Gluconacetobacter diazotrophicus

Scientific classification
- Domain: Bacteria
- Kingdom: Pseudomonadati
- Phylum: Pseudomonadota
- Class: Alphaproteobacteria
- Order: Rhodospirillales
- Family: Acetobacteraceae
- Genus: Gluconacetobacter
- Species: G. diazotrophicus
- Binomial name: Gluconacetobacter diazotrophicus (Gillis et al. 1989) Yamada et al. 1998

= Gluconacetobacter diazotrophicus =

- Genus: Gluconacetobacter
- Species: diazotrophicus
- Authority: (Gillis et al. 1989) Yamada et al. 1998

Species of bacterium

Gluconacetobacter diazotrophicus is a bacterium with a rod-like shape, has rounded ends and belongs to Gram-negative bacteria. The bacterium is known for stimulating plant growth and being tolerant to acetic acid. With one to three lateral flagella, and known to be found on sugarcane, Gluconacetobacter diazotrophicus was discovered in Brazil by Vladimir A. Cavalcante and Johanna Dobereiner.

== Characteristics ==
Originally found in Alagoas, Brazil, Gluconacetobacter diazotrophicus is a bacterium that has several interesting features and aspects which are important to note. The bacterium was first discovered by Vladimir A. Cavalcante and Johanna Dobereiner while analyzing sugarcane in Brazil. Gluconacetobacter diazotrophicus is a part of the Acetobacteraceae family and started out with the name, Saccharibacter nitrocaptans, however, the bacterium is renamed as Acetobacter diazotrophicus because the bacterium is found to belong with bacteria that are able to tolerate acetic acid. Again, the bacterium’s name was changed to Gluconacetobacter diazotrophicus when its taxonomic position was resolved using 16s ribosomal RNA analysis. In addition to being a part of the Acetobacter family, Gluconacetobacter diazotrophicus belongs to the Pseudomonadota phylum, the Alphaproteobacteria class, and the Gluconacetobacter genus while being a part of the Rhodosprillales order. Other nitrogen-fixing species in this same genus include Gluconacetobacter azotocaptans and Gluconacetobacter johannae
Muthukumarasamy et al., reported that this bacterium was found to be associated with sugarcane and paddy and mitigating 50 % of N requirement in sugarcane and paddy.
Gluconacetobacter diazotrophicus cells are shaped like rods, have ends that are circular or round, and have anyom one to three flagella that are lateral. Based on these descriptions of the cell, Gluconacetobacter diazotrophicus was first classified as a proposed new genus and species named Saccharobacter nitrocaptans.. The cells be viewed as darkish brown or orange colonies under a microscope. In addition, the cells are aerobic which describes their need of oxygen. Because the bacterium is found on sugar cane when first discovered, as explained prior, and reacts strongly to high amounts of sugar, Gram Negative is the correct classification for Gluconacetobacter diazotrophicus. In addition to sugarcane, G. diazotrophicus has been found in different plants like coffee tree and pineapple.
Gluconacetobacter diazotrophicus is also known for nitrogen fixation. This feature allows the bacteria to work on nitrogen in the air in order for the correct amount of nitrogen can be received by plants. Gluconacetobacter diazotrophicus is a notable microbe because studies have shown that the bacteria can help tomatoes and other crops grow. Besides to be a nitrogen-fixing bacterium, G. diazotrophicus synthesizes Indole-3-acid acetic, that could contribute to promote the growth of the associated plant. This microbe fights off Xanthomonas albilineans which is a pathogen found in sugar cane. In regard to the ecology of this microorganisms, the numbers of G. diazotrophicus that colonize sugarcane decrease when the plant is grown under high nitrogen fertilization doses.
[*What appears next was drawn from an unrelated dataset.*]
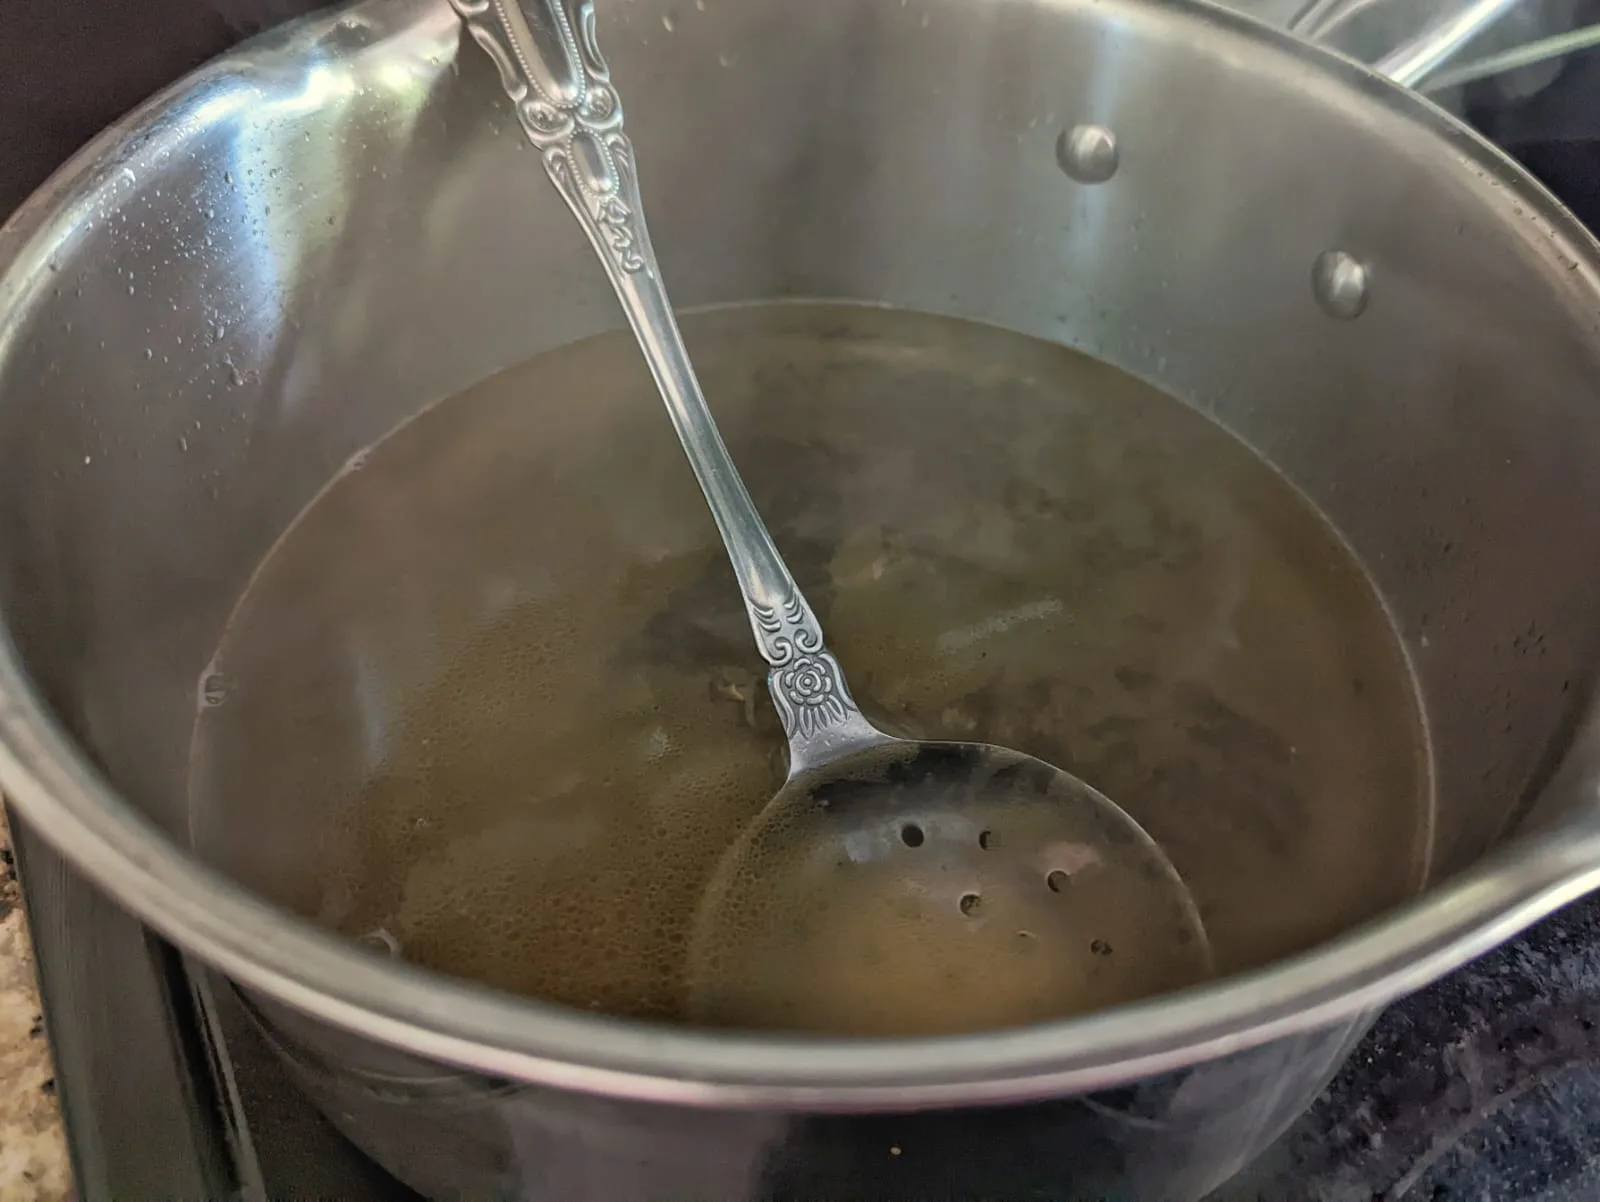 Shrimp stock boiling in a sauce pan.
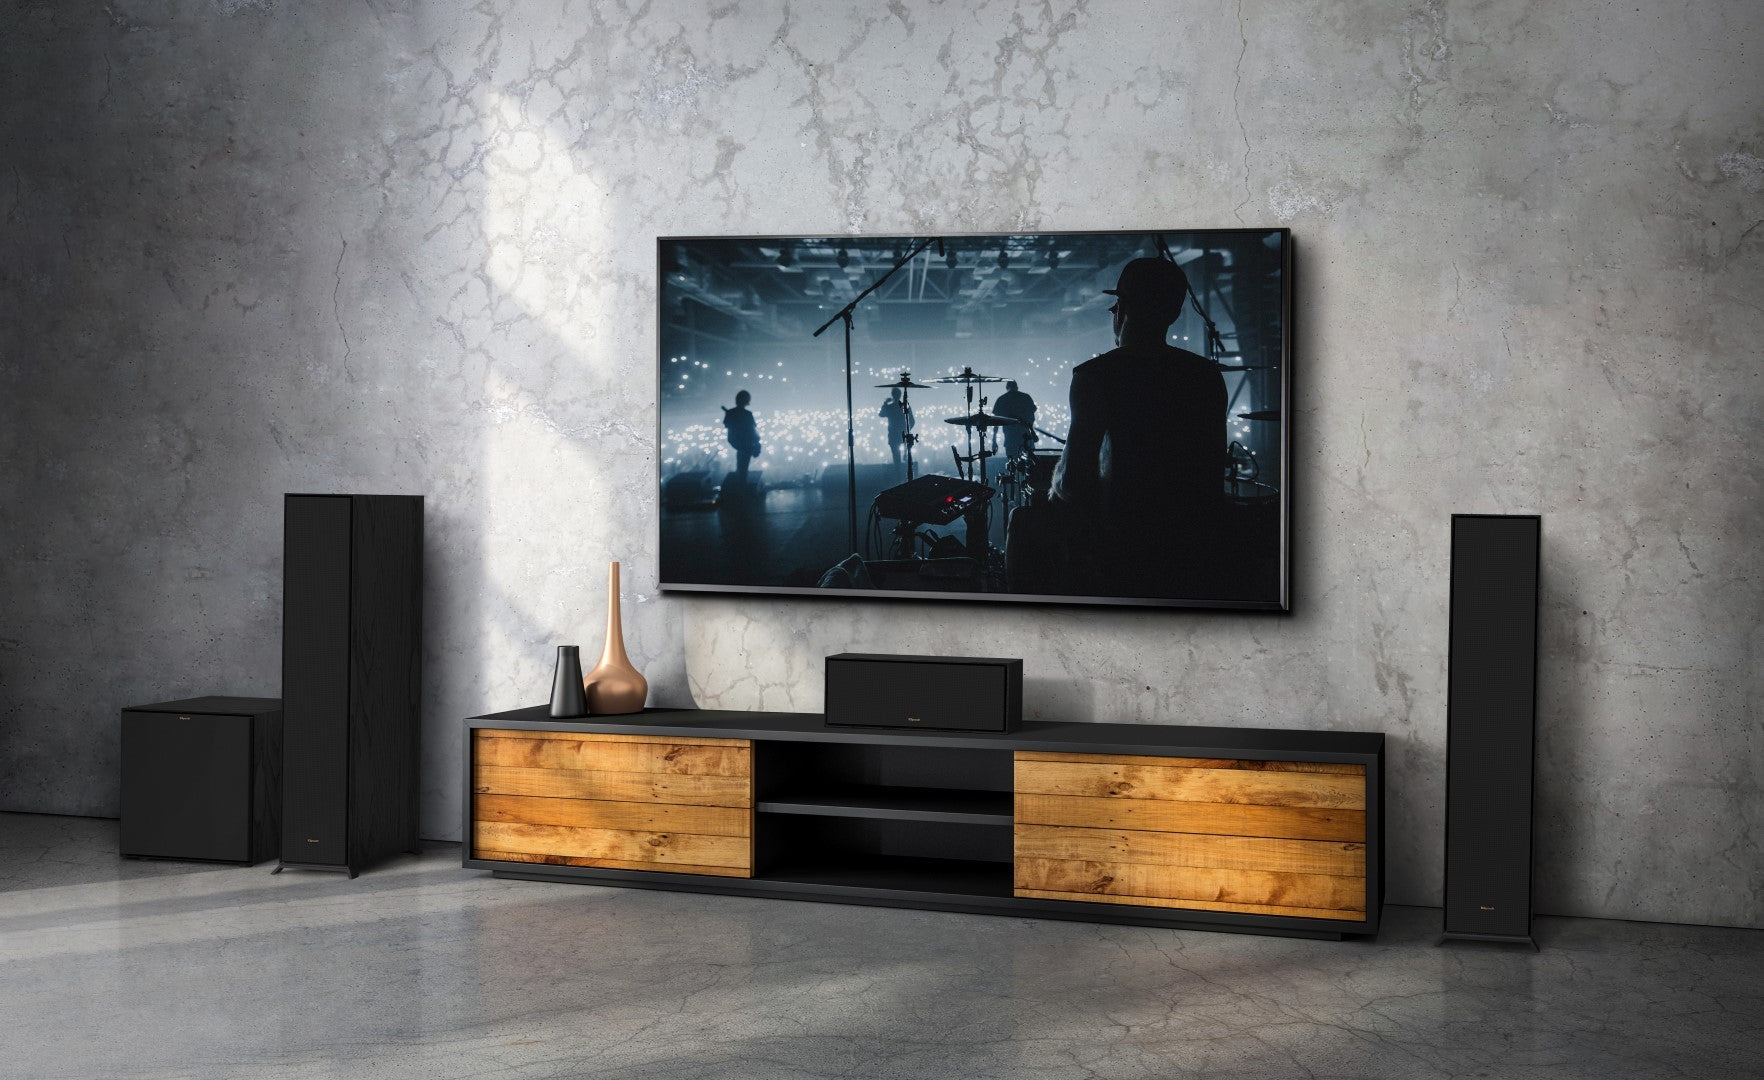 Klipsch Reference Atmos 5.1.2 Pack

Overall, Gluconacetobacter diazotrophicus, through the research restated, plays a significant role in the environment for plants specifically sugar cane, helps to grow crops, and can be found in areas that are acidic and contain oxygen.

== Genome ==
The genome that was found to be closely sequenced with Gluconacetobacter diazotrophicus was the Pal5 genome. This genome has one circular chromosome and two plasmids. The two plasmids found in the genome are pGD01 and pGD02 which contain 38,818 and 16,610 base pairs respectively. The G-C content for Gluconacetobacter diazotrophicus could be calculated at 66.19%. The Pal5 genome was found to have 583 proteins that can be used to depict the possible “metabolic pathways” in Gluconacetobacter diazotrophicus. The bacterium has been studied to move from different crops and also helpful in growing corn. Because they create phytohormones, Gluconacetobacter diazotrophicus has proven to stimulate other plant’s growth.